Third-party transfers are requests to dCache, asking that it transfers a file with another HTTP server. This differs from normal HTTP interactions as a third-party transfer involves data transferred directly between dCache and some other HTTP server (which might or might not be running dCache).
Third-party transfers are useful when transferring data as it uses the network between the source and destination storage systems. This is often well provisioned, with significant available bandwidth. As an example, a laptop connected via a coffee shop's free wifi can easily orchestrate the transfer of petabytes of data using third-party transfers.
Third-party transfer requests are distinguished into two groups: pull requests where dCache is downloading data from the remote server, and push requests where dCache is uploading data to the remote server.
To initiate a third-party transfer, the client issues a COPY
request
with the remote URL as either the Source
request header (for a pull
request) or the Destination
request header (for a push request). In
either case, the header value is a URL, which describes how data is
transferred, the name of the remote server, the port number (if
non-standard) and the path of the file.
The COPY request may optionally include other headers that affect the transfer. These other headers are described in subsequent sections.
All authentication schemes that dCache supports for direct WebDAV operations are also supported for third-party transfers.
IMPORTANT
This section discusses how dCache handles third-party COPY requests: requests to initiate a third-party copy. There is a separate issue where dCache must somehow authorise the data-bearing transfer. This is discussed in a subsequent section.
Third-party transfers are only allowed for authenticated users: anonymous third-party COPY requests are always rejected.
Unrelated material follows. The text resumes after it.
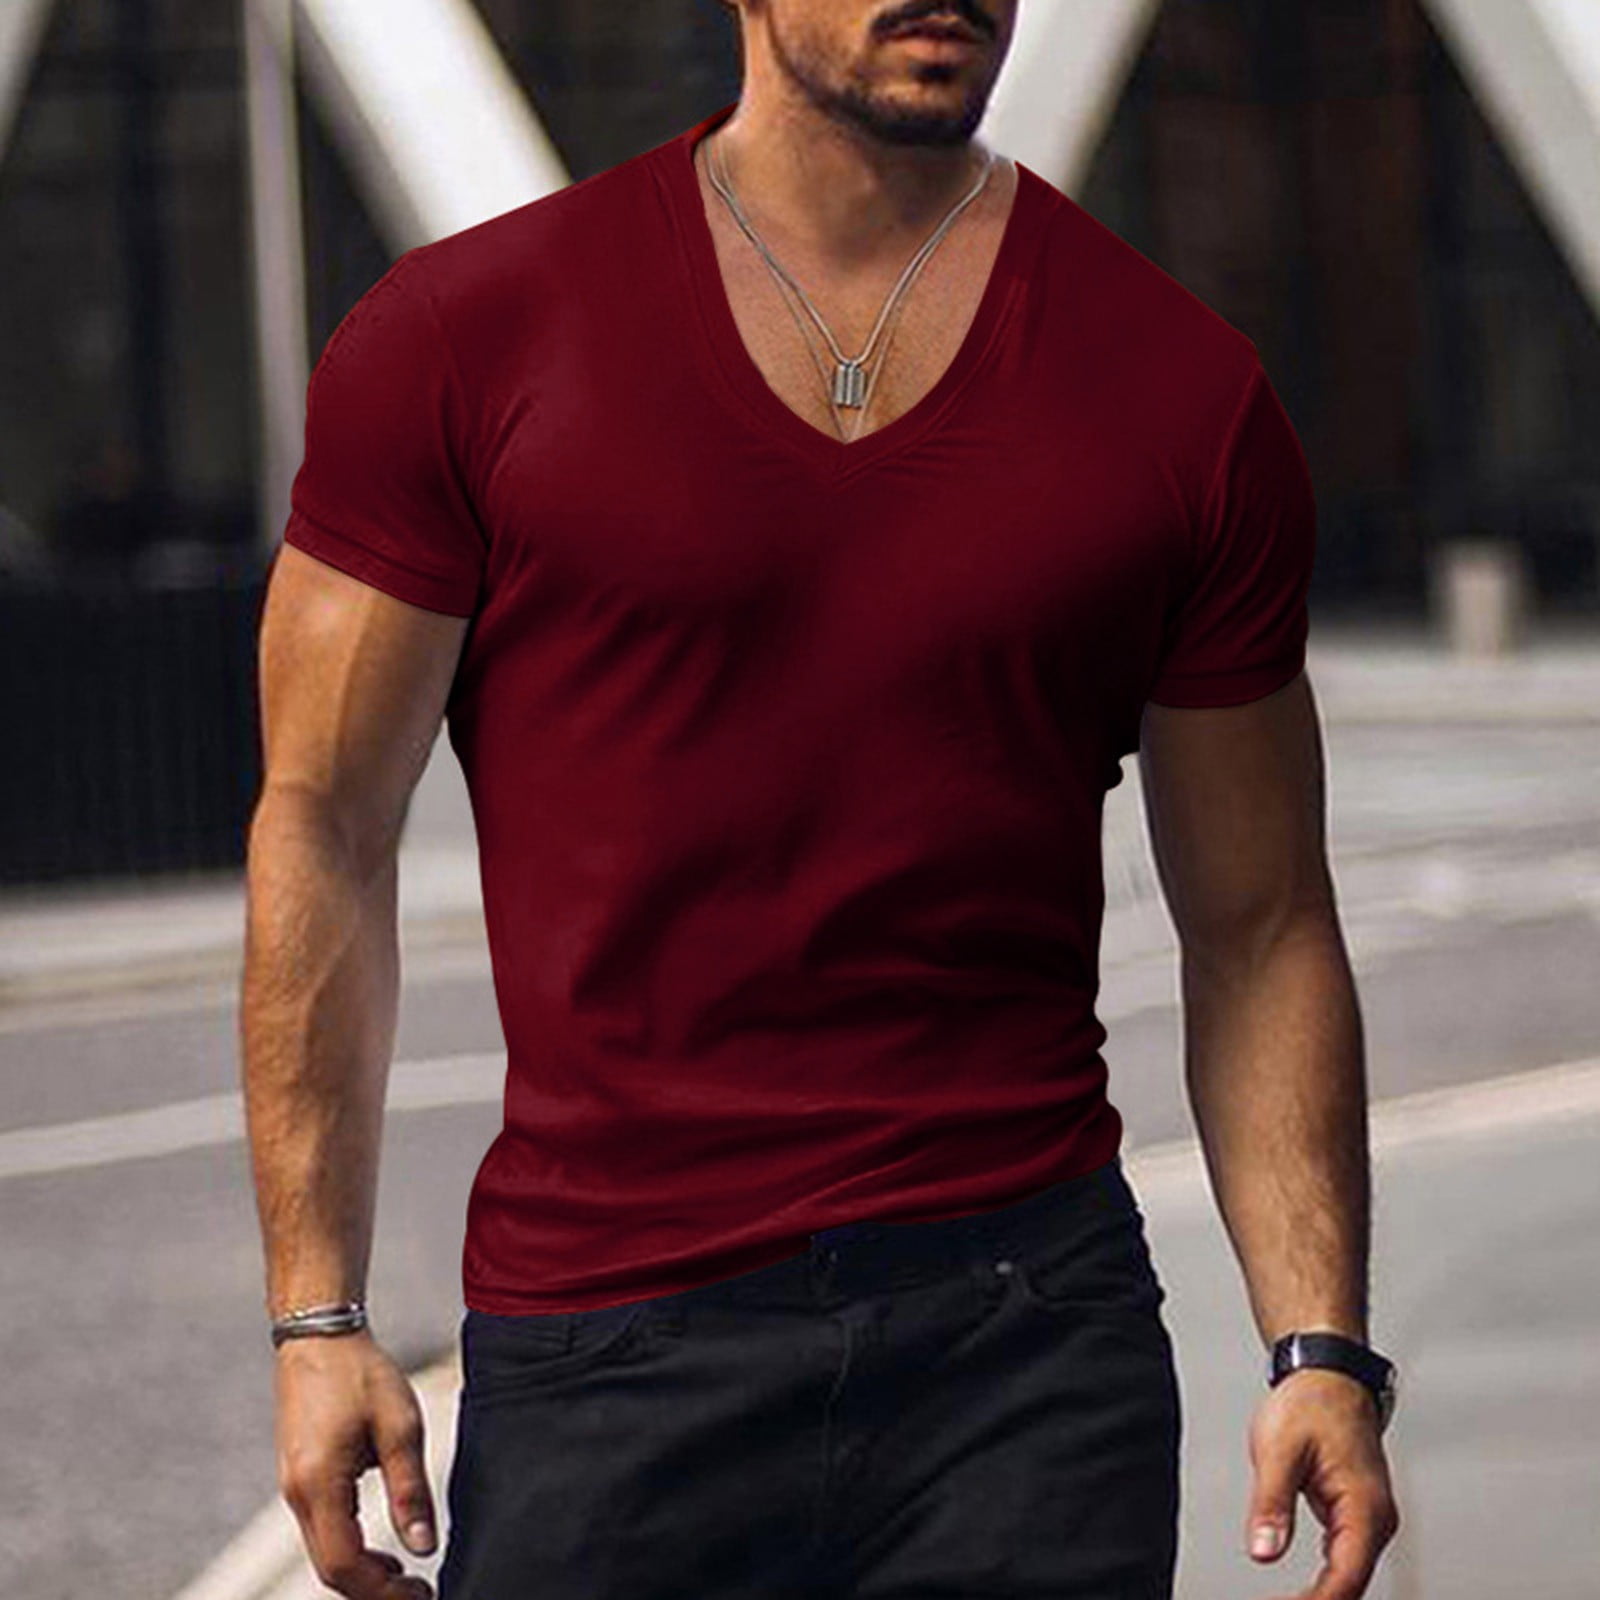 CAMERIARIO Men's Short Sleeve Solid Color Fashion T-Shirts, Sizes M-3XL ...

In general, third-party transfer authorisation may be understood by considering what were to happen if the client were to relay the data. In principal, a client can achieve the same result as a third-party transfer by downloading the data from the source and uploading that data to the destination.
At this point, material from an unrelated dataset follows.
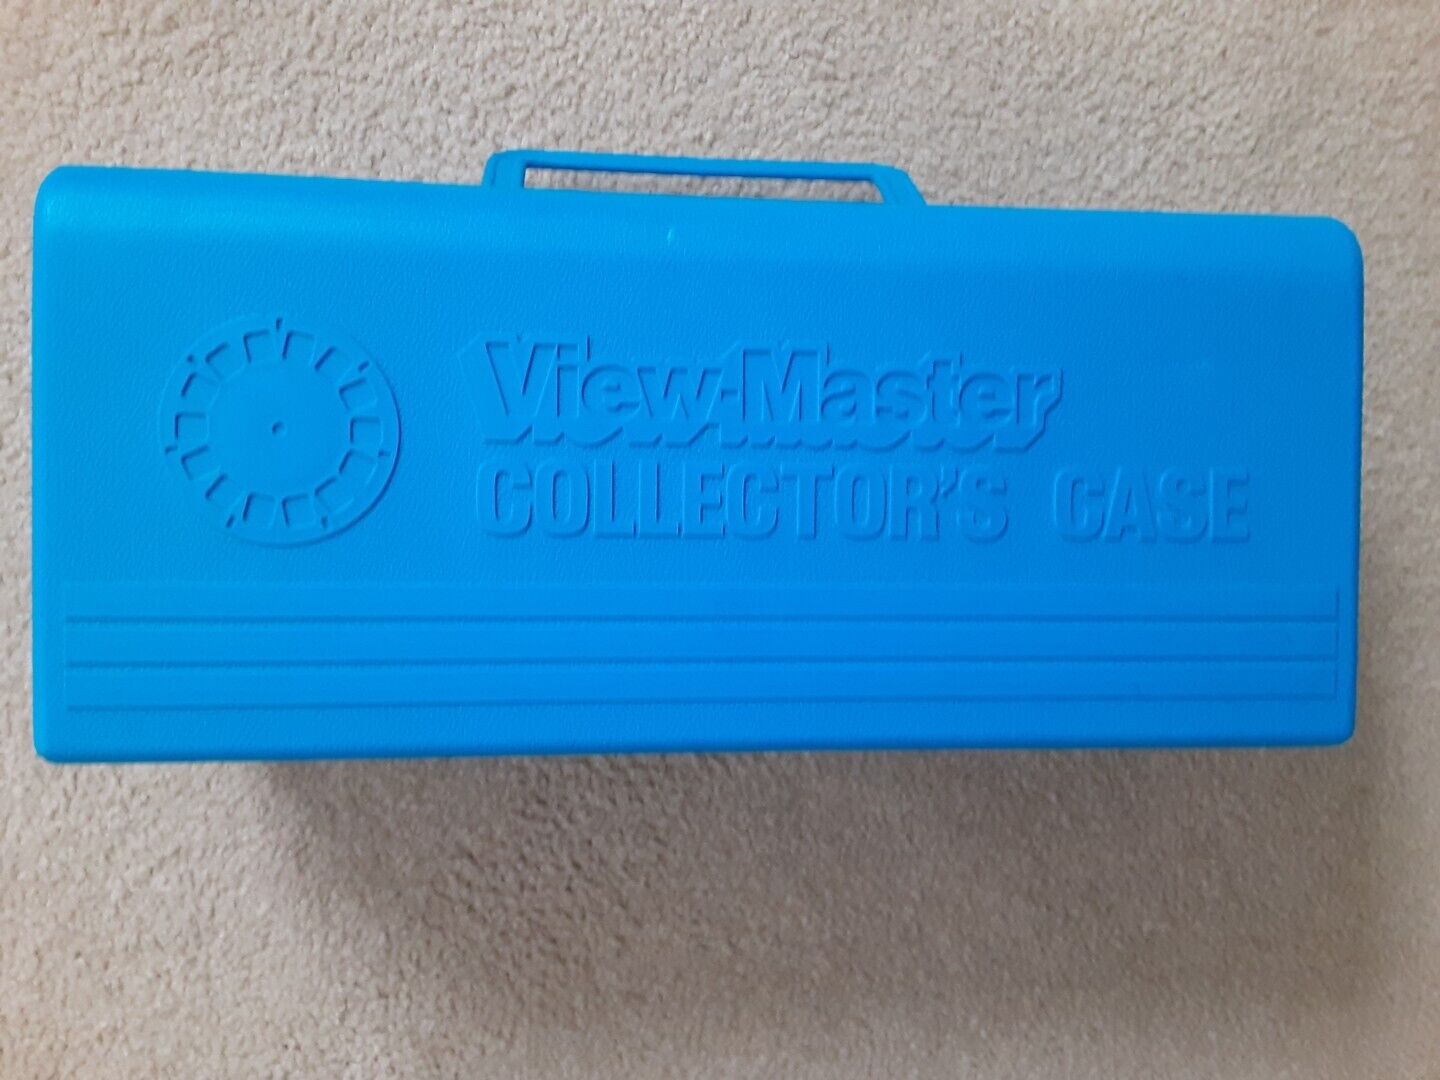 Vintage View-master Collector's Case (Blue), Viewer and Children's Reels

A third-party transfer request that pulls data from the remote server is authorised in a similar manner that user attempting to upload the data itself. To initiate a third-party pull request, the user must be authorised to write into the target directory. If the target file already exists then the user must be authorised to overwrite that existing data.
A third-party transfer request that pushes data to the remote server is authorised in a similar manner to the client downloading the data: it requires that the client is able to read the source file.
If the user is not authorised to make a specific third-party transfer request then dCache returns immediate with an error status code.
In the following example, the client is attempting to initiate a pull request without authenticating:
curl -D- -X COPY -H 'Source: http://www.dcache.org/images/dcache-banner.png' https://dcache.example.org/test.png
|HTTP/1.1 401 Permission denied
|Date: Wed, 25 Sep 2019 08:30:04 GMT
|Server: dCache/6.0.0-SNAPSHOT
|WWW-Authenticate: Basic realm=""
|Content-Length: 0
|
If the third-party transfer request is authorised and it passes some
basic checks (e.g., exactly one of the Source
and Destination
request headers are present) then dCache will respond immediately with
a 202 status code. This indicates that work has started to process
the request, but dCache will continue working on this request in the
background.
A transfer may take some time to complete. While working on the request, dCache will return periodic reports (called performance markers) describing the current status, as part of the HTTP response. The HTTP response is sent using chunked encoding. This allows the client to receive these reports in a timely fashion, to get feedback as the transfer is processed.
Each performance marker has a strict format. Each report contains
multiple lines: the first line is Perf Marker
, followed by multiple
metadata lines, ending with the line containing only End
. Each
metadata line represents a key-value pair, printed as the key,
followed by a colon-space (:
), followed by the current value.
There are two phases to any transfer: the pre-transfer phase and the transfer phase.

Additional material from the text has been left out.